• ACTION ITEM: Recreate the listing that follows line for line, without pictures.

• DATA:
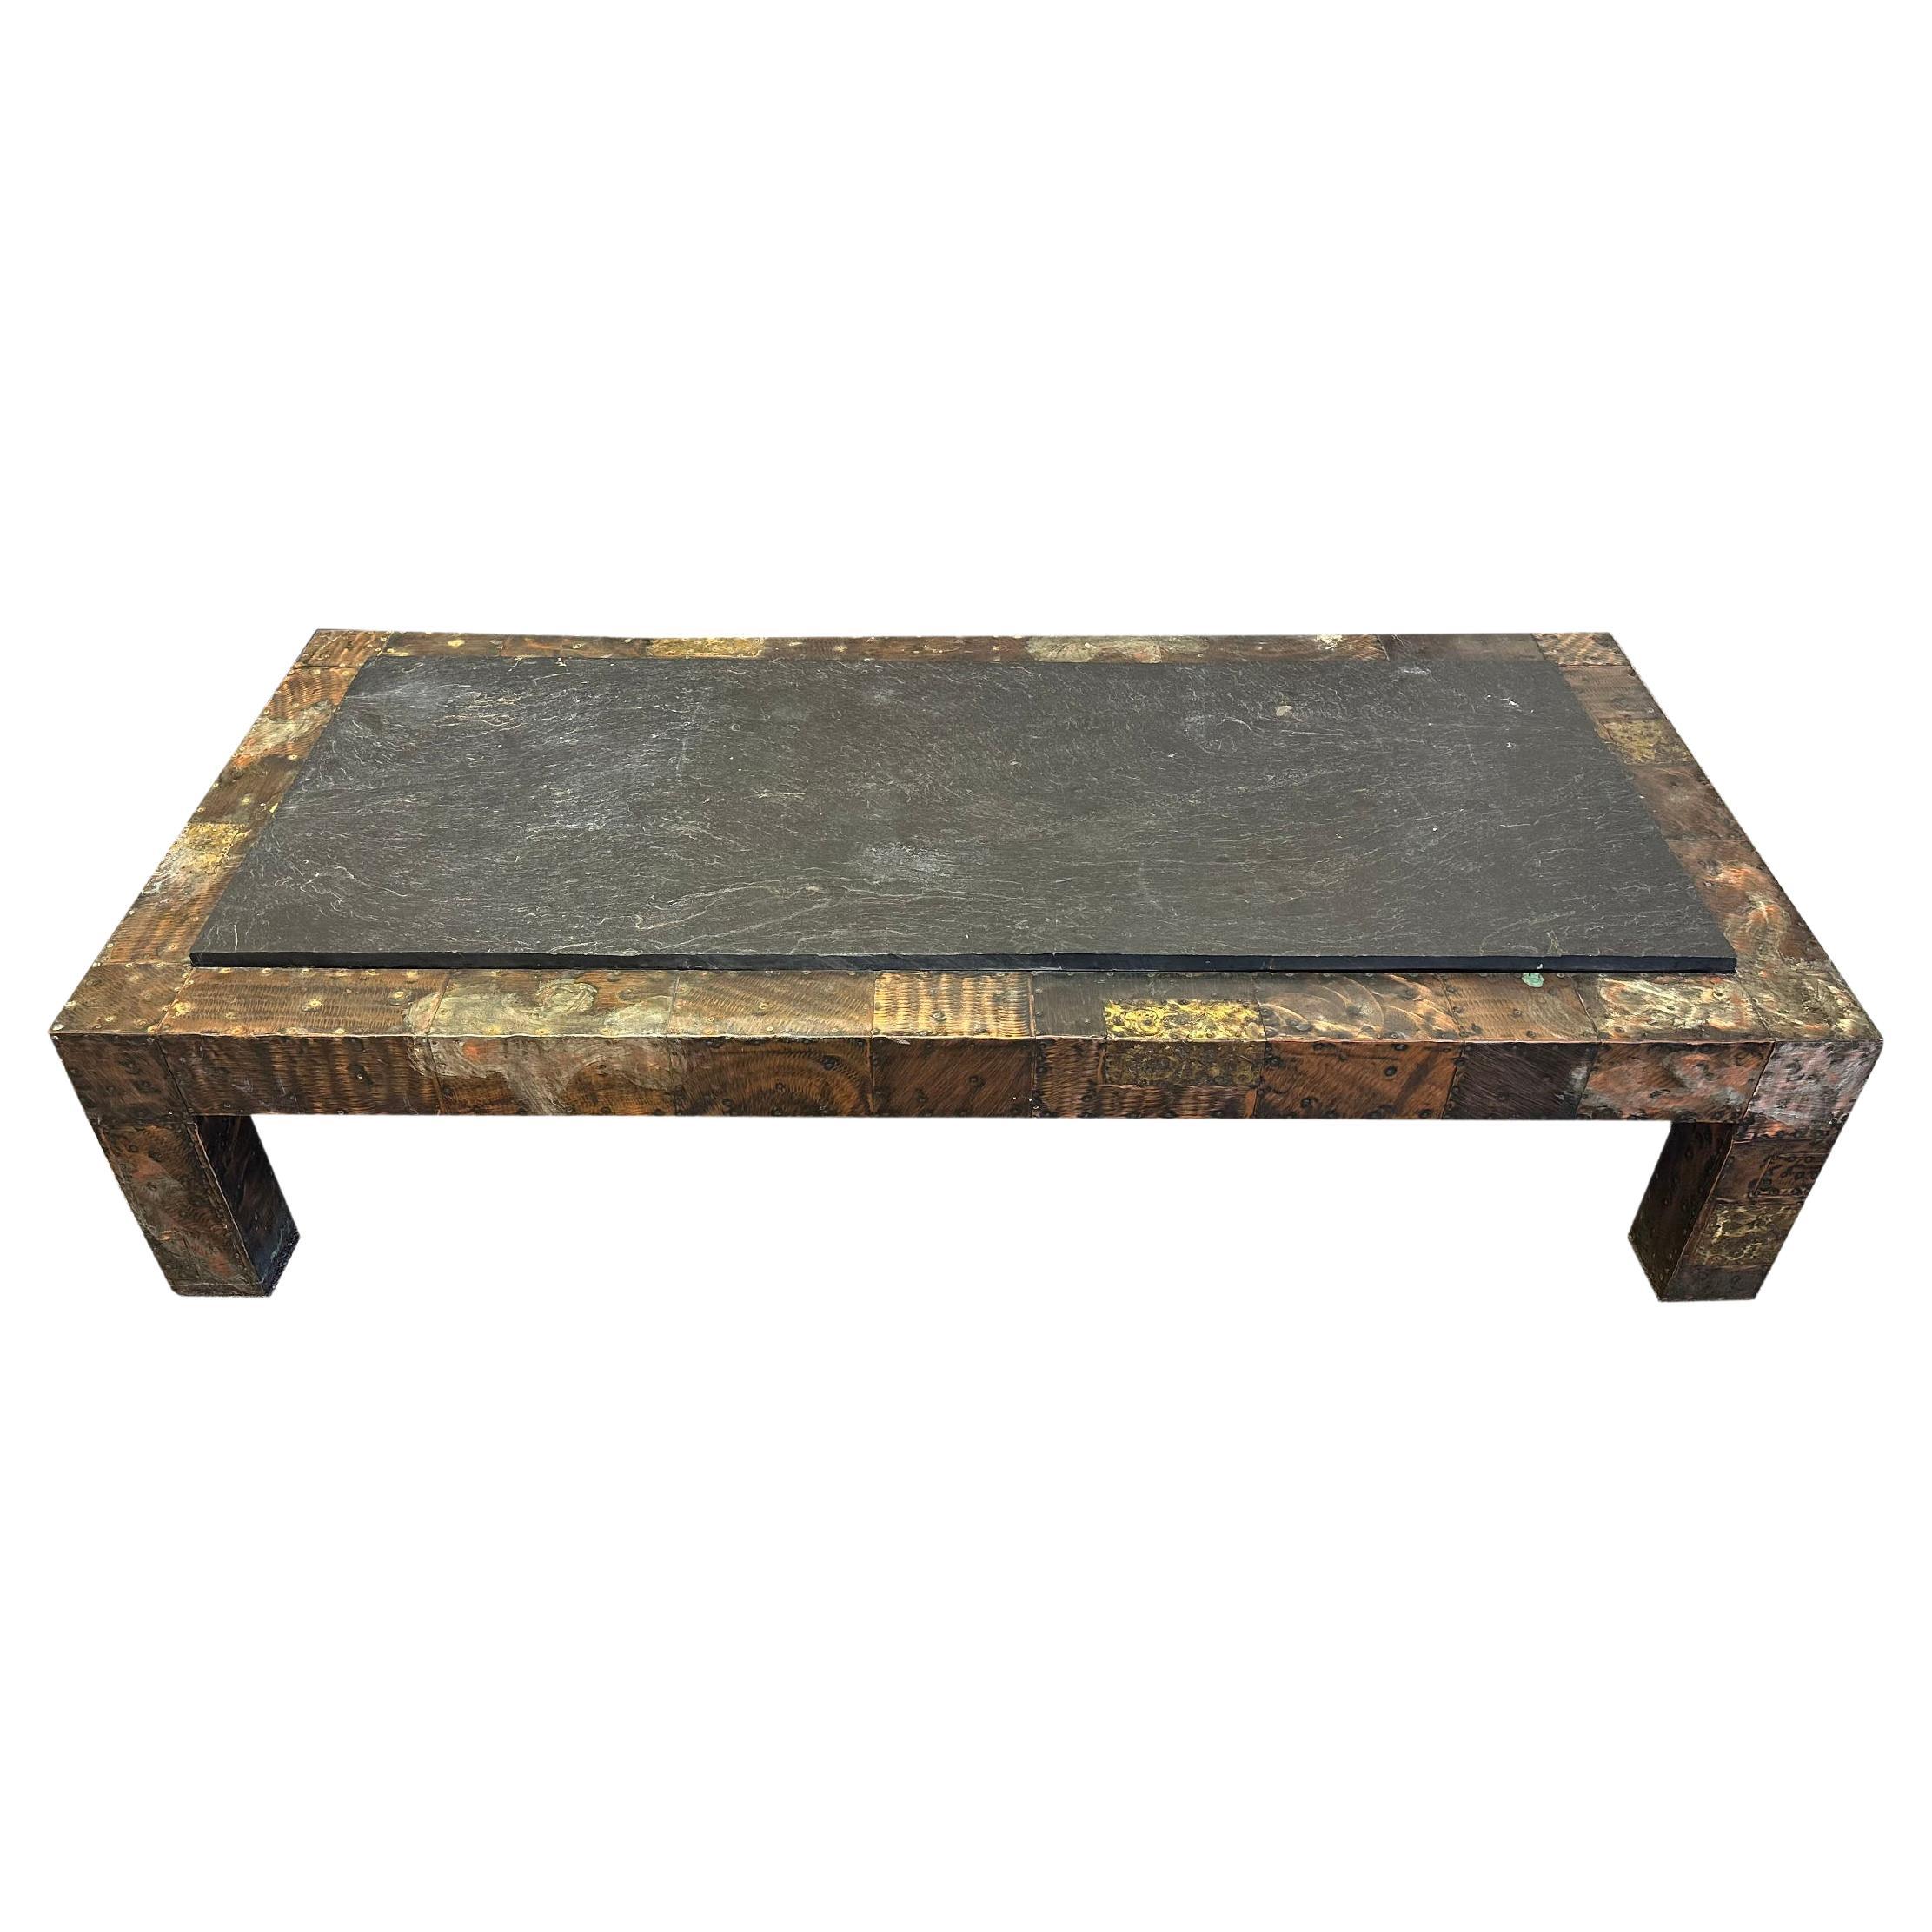 A metal Brutalist patchwork coffee table with slate top designed by the American designer Paul Evans (1931-1987) for Directional. This substantial coffee table is made from a wooden base with a mixed metal patchwork design wrapped over the wood. A
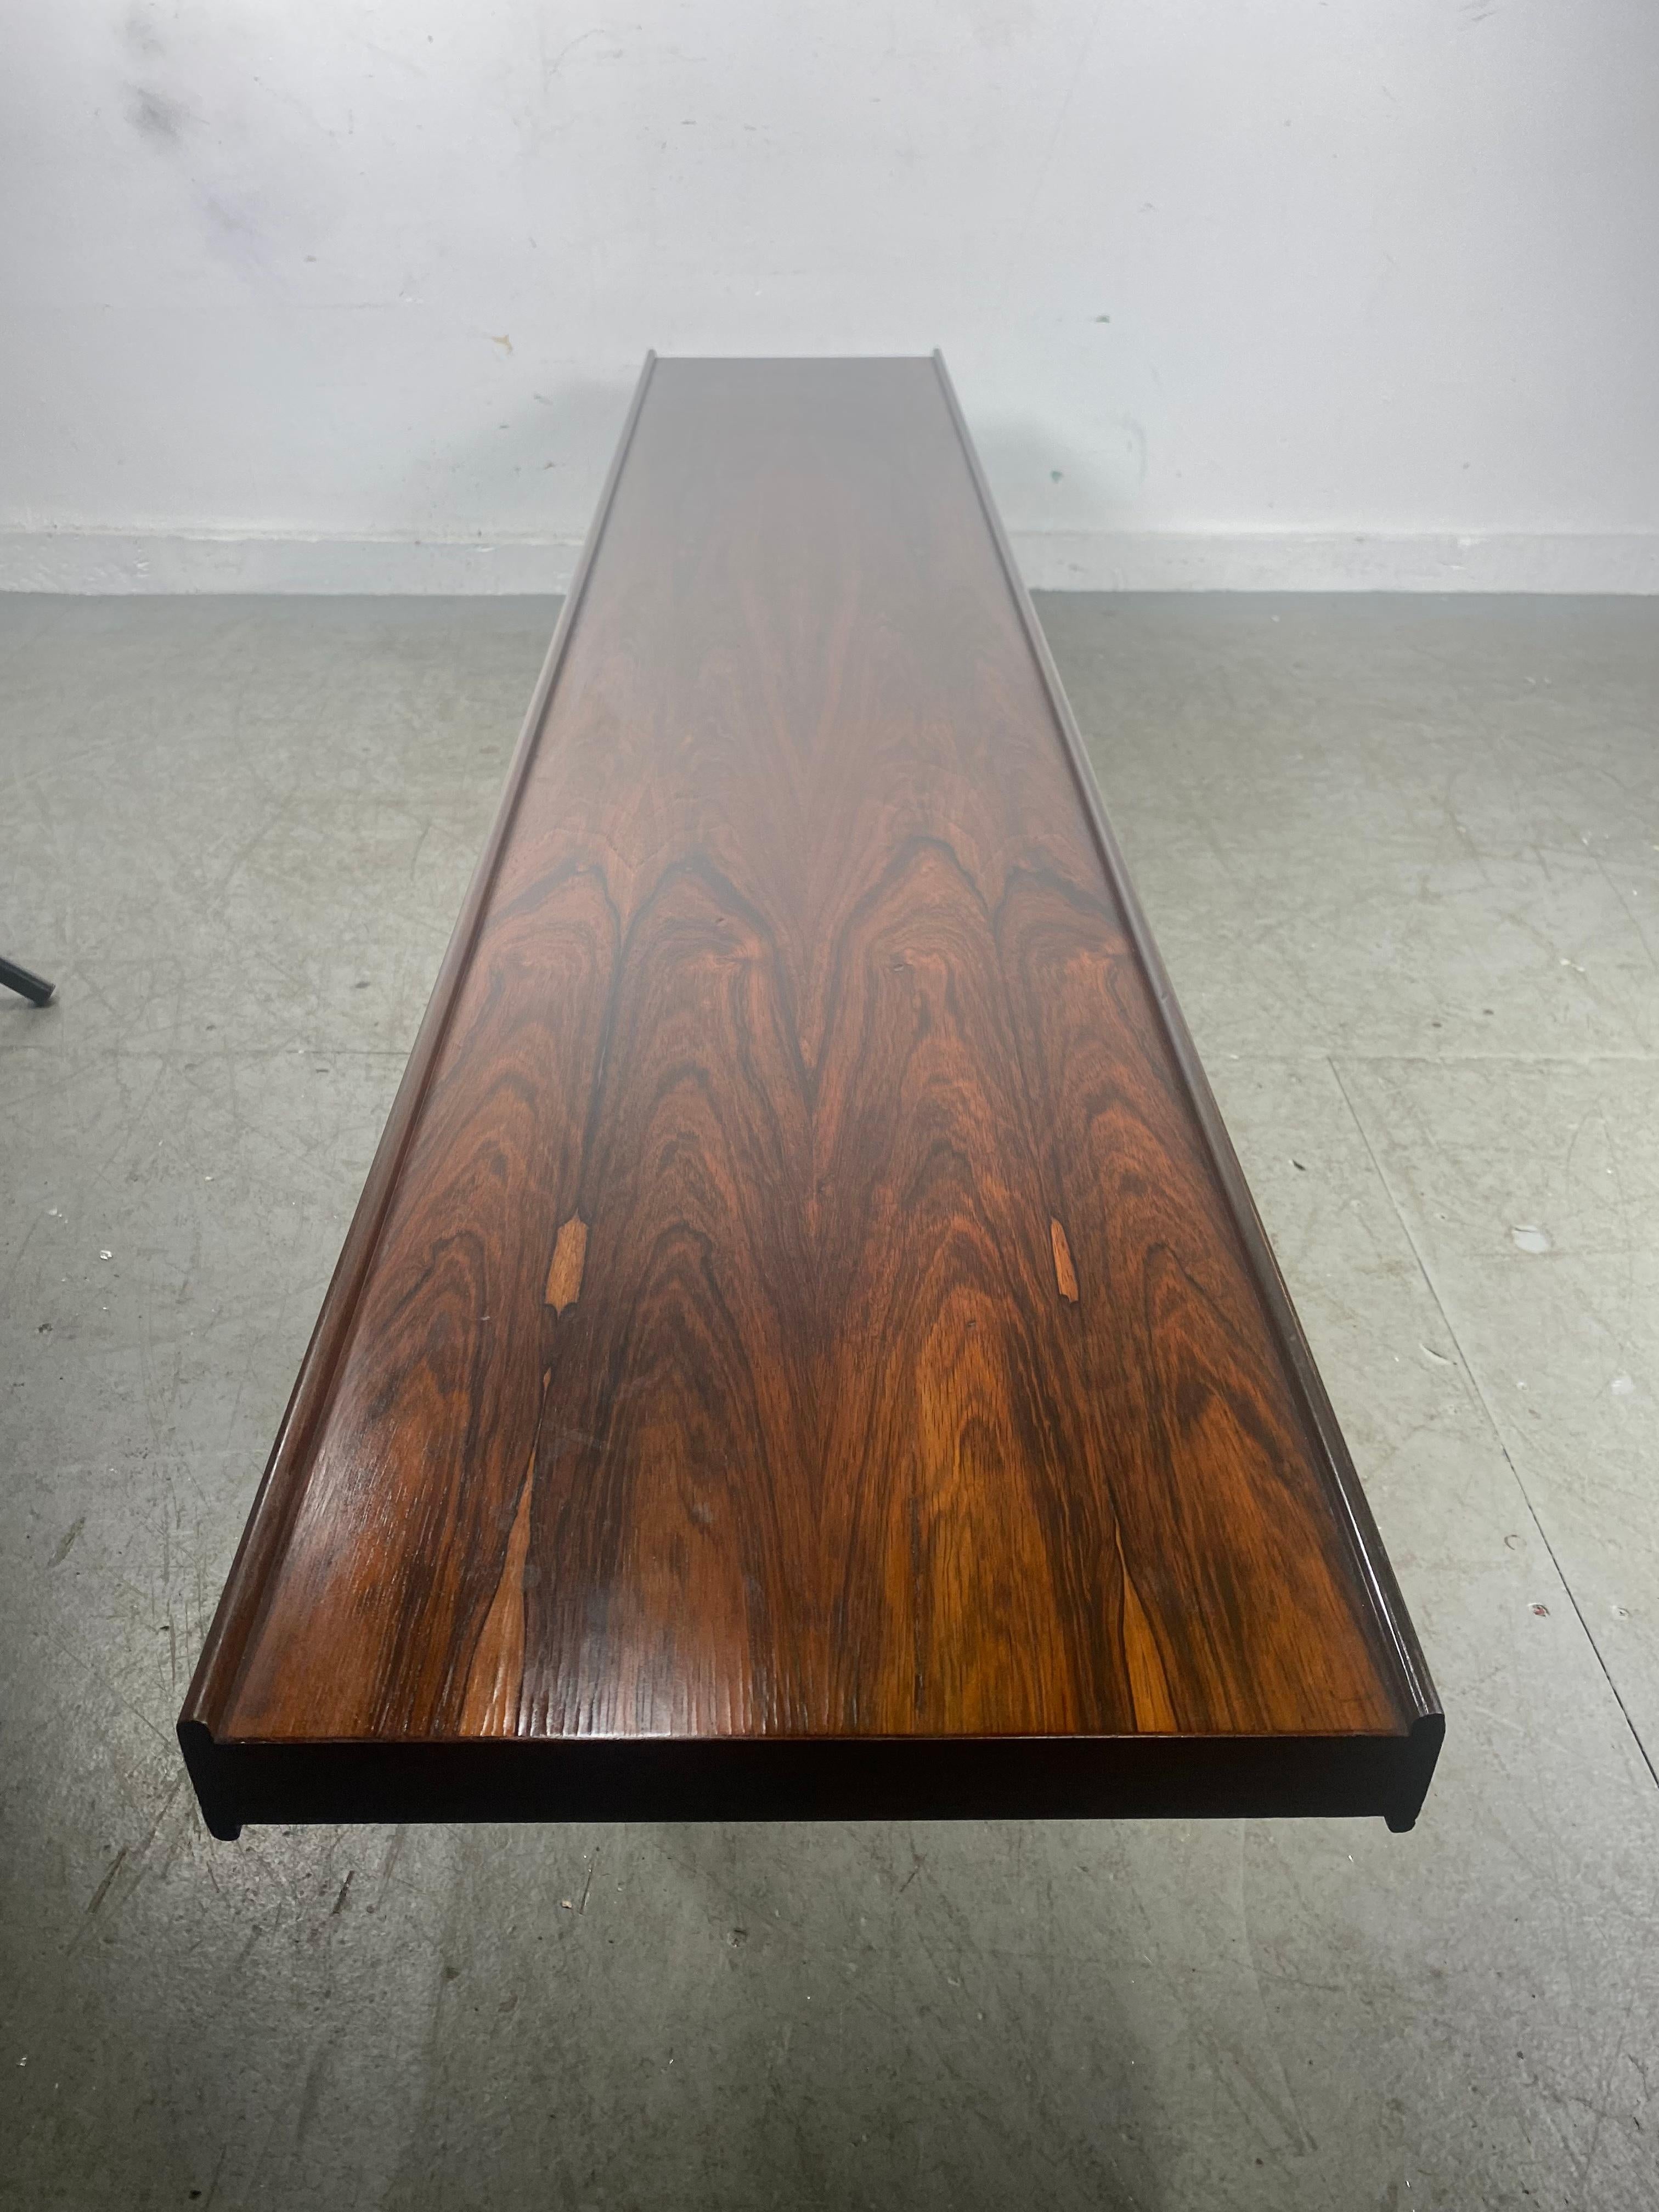 Krobo bench, table designed by Torbjørn Afdal.
Manufactured in Norway by Mellemstrands Trevareindustri during the 1960s.
Made from rosewood,,,,,Retains original label.. Hand delivery avail to New York City or anywhere en route from Buffalo

• WRITTEN ANSWER:
 A metal Brutalist patchwork coffee table with slate top designed by the American designer Paul Evans (1931-1987) for Directional. This substantial coffee table is made from a wooden base with a mixed metal patchwork design wrapped over the wood. A
 Krobo bench, table designed by Torbjørn Afdal.
Manufactured in Norway by Mellemstrands Trevareindustri during the 1960s.
Made from rosewood,,,,,Retains original label.. Hand delivery avail to New York City or anywhere en route from Buffalo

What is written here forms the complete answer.